So even without saying anything about the prior, we can see that Bayesian model selection provides a potential antidote to overfitting. But just like before, we have the practical problem that computing Pr(M | D) is in general very hard. Usually evaluating Pr(D | M) involves calculating a really complicated many-dimensional integral, and calculating many-dimensional integrals can be very computationally expensive.

Might we be able to find some simple unbiased estimator of the posterior Pr(M | D)? It turns out that yes, we can.
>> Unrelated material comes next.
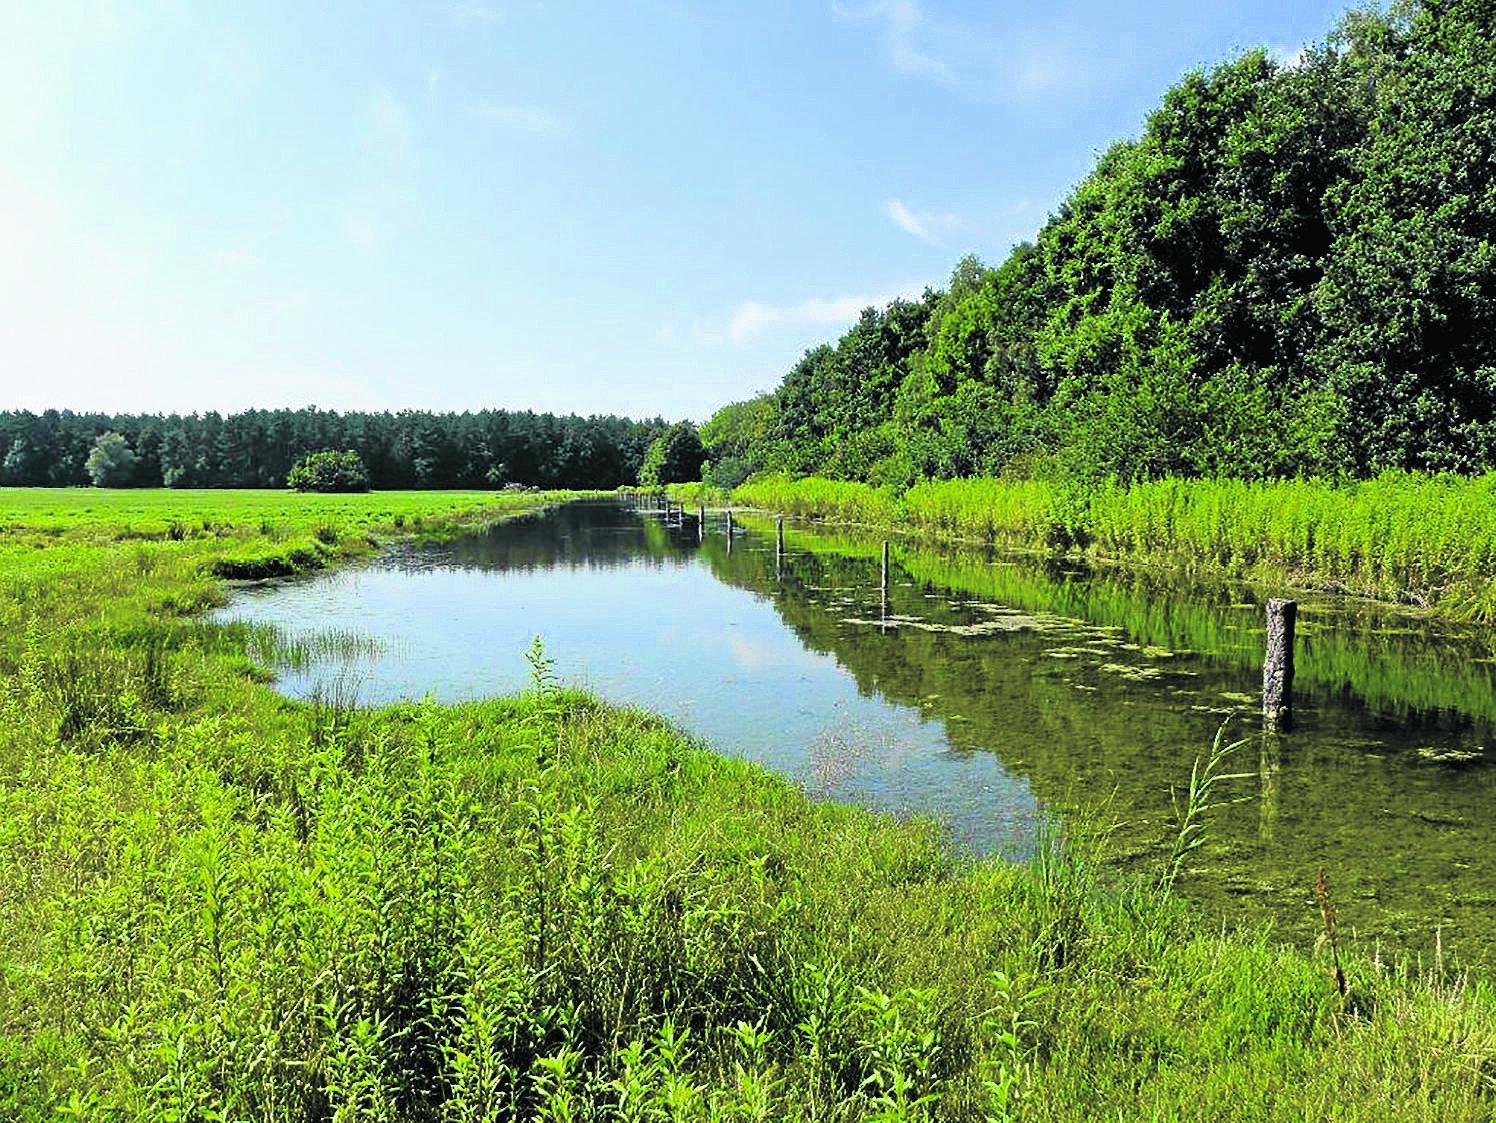 Tag der Artenvielfalt bringt uns Natur näher

Take another look at the equation above.

Pr(M | D) = \frac{Pr(D | M)}{Pr(D)} Pr(M)

Since Pr(D) is a constant across models, we can ignore it when comparing models. So for our purposes, we can attempt to maximize the equation:

Pr(D | M) Pr(M) = \sum_{f \in M} Pr(D | f, M) Pr(f | M) Pr(M)

If we assume that P(D | f) is twice differentiable in the model parameters and that Pr(f) behaves roughly linearly around the maximum likelihood function, we can approximate this as:

Pr(D | M) Pr(M) \approx \frac {Pr(D | f^*(D))} {\sqrt{N}}^k Pr(M)
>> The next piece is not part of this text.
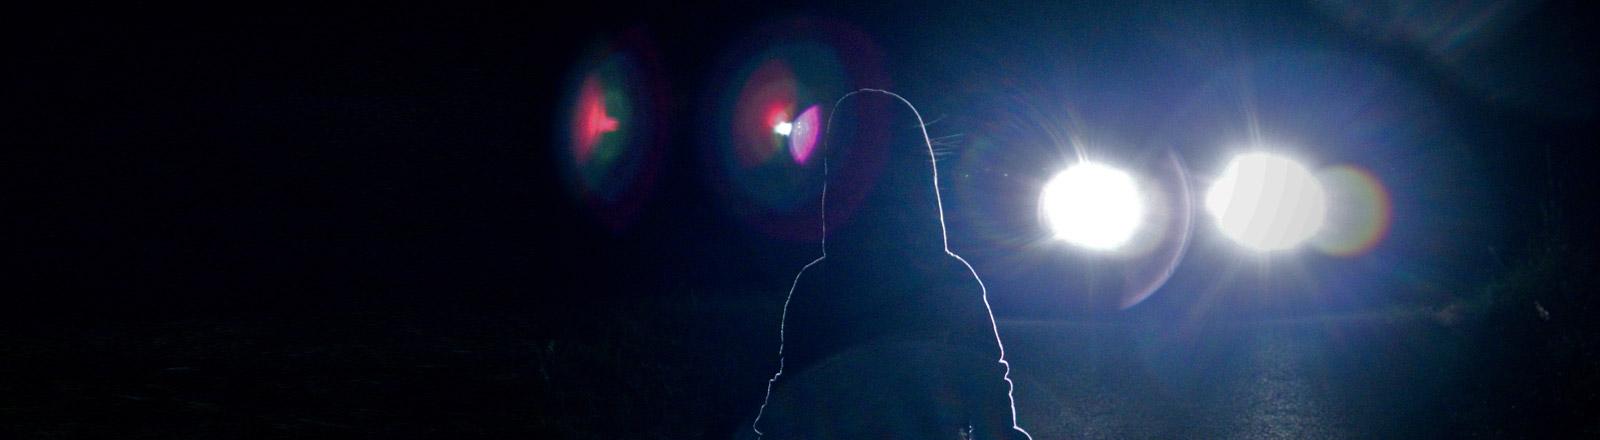 Ein Kind steht nachts auf einer Straße, ein Auto naht.

f* is the maximum likelihood function within the model, and k is the the number of parameters of the model (e.g. k = 2 for a linear model and k = 3 for a quadratic model).
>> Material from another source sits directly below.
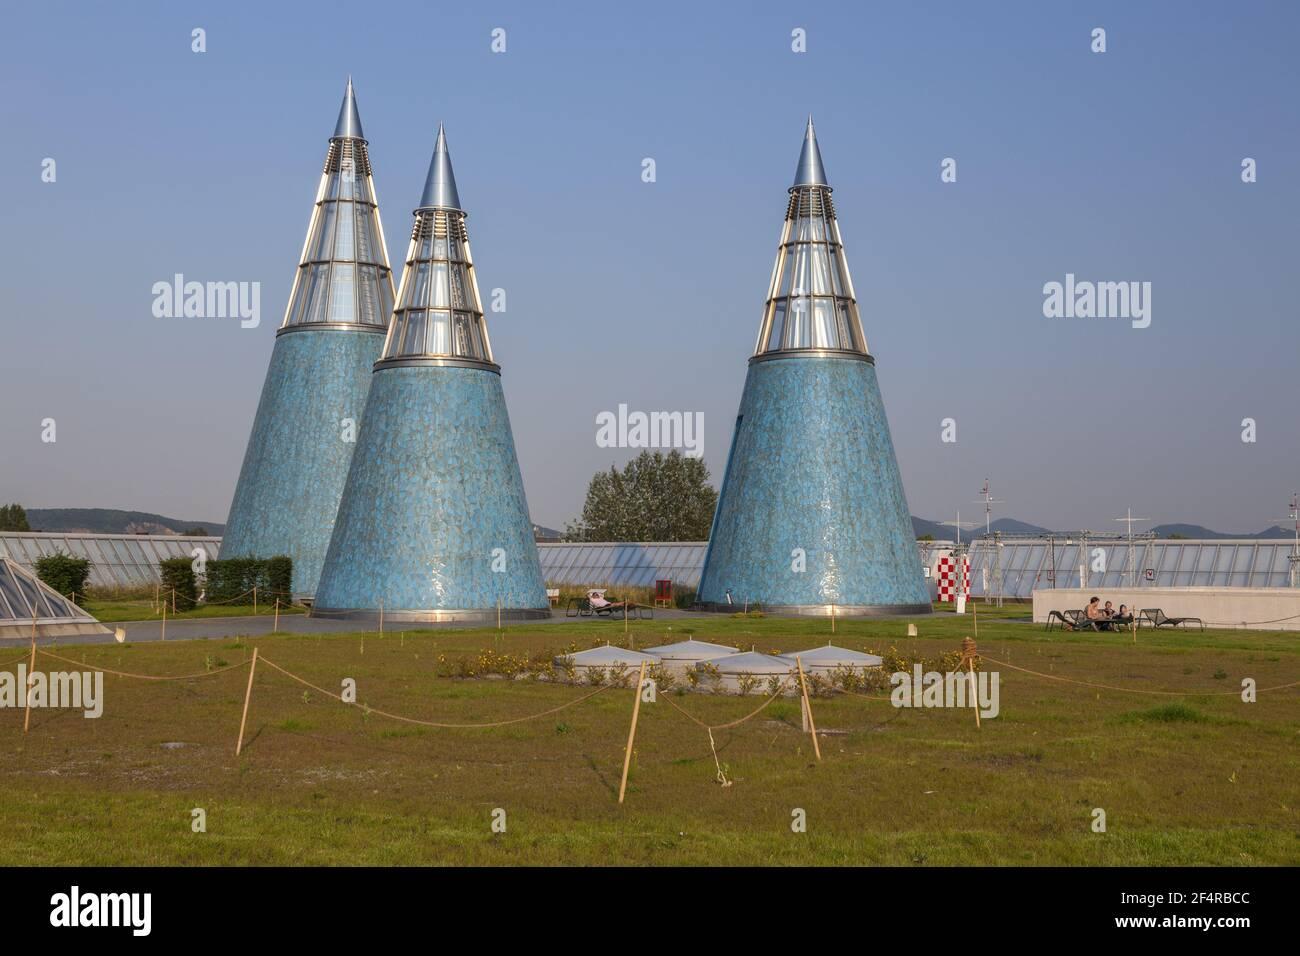 Geografía / viajes, Alemania, Renania del Norte-Westfalia, Bonn, prominente eje de luz en el falso y exhib, Derechos adicionales-liquidación-Info-no-disponible Foto de stock

\We can make this a little neater by taking a logarithm and defining a new quantity: the Bayesian Information Criterion.

argmax_M [ Pr(M | D) ] \\~\\  = argmax_M [ Pr(D | M) Pr(M) ] \\~\\  \approx argmax_M [ \frac {Pr(D | f^*(D))} {\sqrt{N}}^k Pr(M)] \\~\\  = argmax_M [ \log(Pr(M)) + \log (Pr(D | f^*(D)) - \frac{k}{2} \log(N) ] \\~\\  = argmin_M [ BIC - \log Pr(M) ]

BIC = \frac{k}{2} log(N) - \log \left( Pr(D | f^*(D)) \right)

Thus, to maximize the posterior probability of a model M is roughly the same as to minimize the quantity BIC – log Pr(M).

If we assume that our prior over models is constant (that is, that all models are equally probable at the outset), then we just minimize BIC.

Bayesian Information Criterion

Notice how incredibly simple this expression is to evaluate! If all we’re doing is minimizing BIC, then we only need to find the maximum likelihood function f*(D), assess the value of Pr(D | f*), and then penalize this quantity with the factor k/2 log(N)! This penalty scales in proportion to the model complexity, and thus helps us avoid overfitting.

We can think about this as a way to make precise the claims above about Bayesian Model Selection penalizing overfitting in the likelihood. Remember that minimizing BIC made sense when we assumed a uniform prior over models (and therefore when our prior doesn’t penalize overfitting). So even when we don’t penalize overfitting in the prior, we still end up getting a penalty! This penalty must come from the likelihood.

Some more interesting facts about BIC:

  • It is approximately equal to the minimum description length criterion (which I haven’t discussed here)
  • It is only valid when N >> k. So it’s not good for small data sets or large models.
  • It the truth is contained within your set of models, then BIC will select the truth with probability 1 as N goes to infinity.

Okay, stepping back. We sort of have two distinct clusters of approaches to model selection. There’s Bayesian Model Selection and the Bayesian Information Criterion, and then there’s Cross Validation. Both sound really nice. But how do they compare? It turns out that in general they give qualitatively different answers. And in general, the answers you get using cross validation tend to be more predictively accurate that those that you get from BIC/BMS.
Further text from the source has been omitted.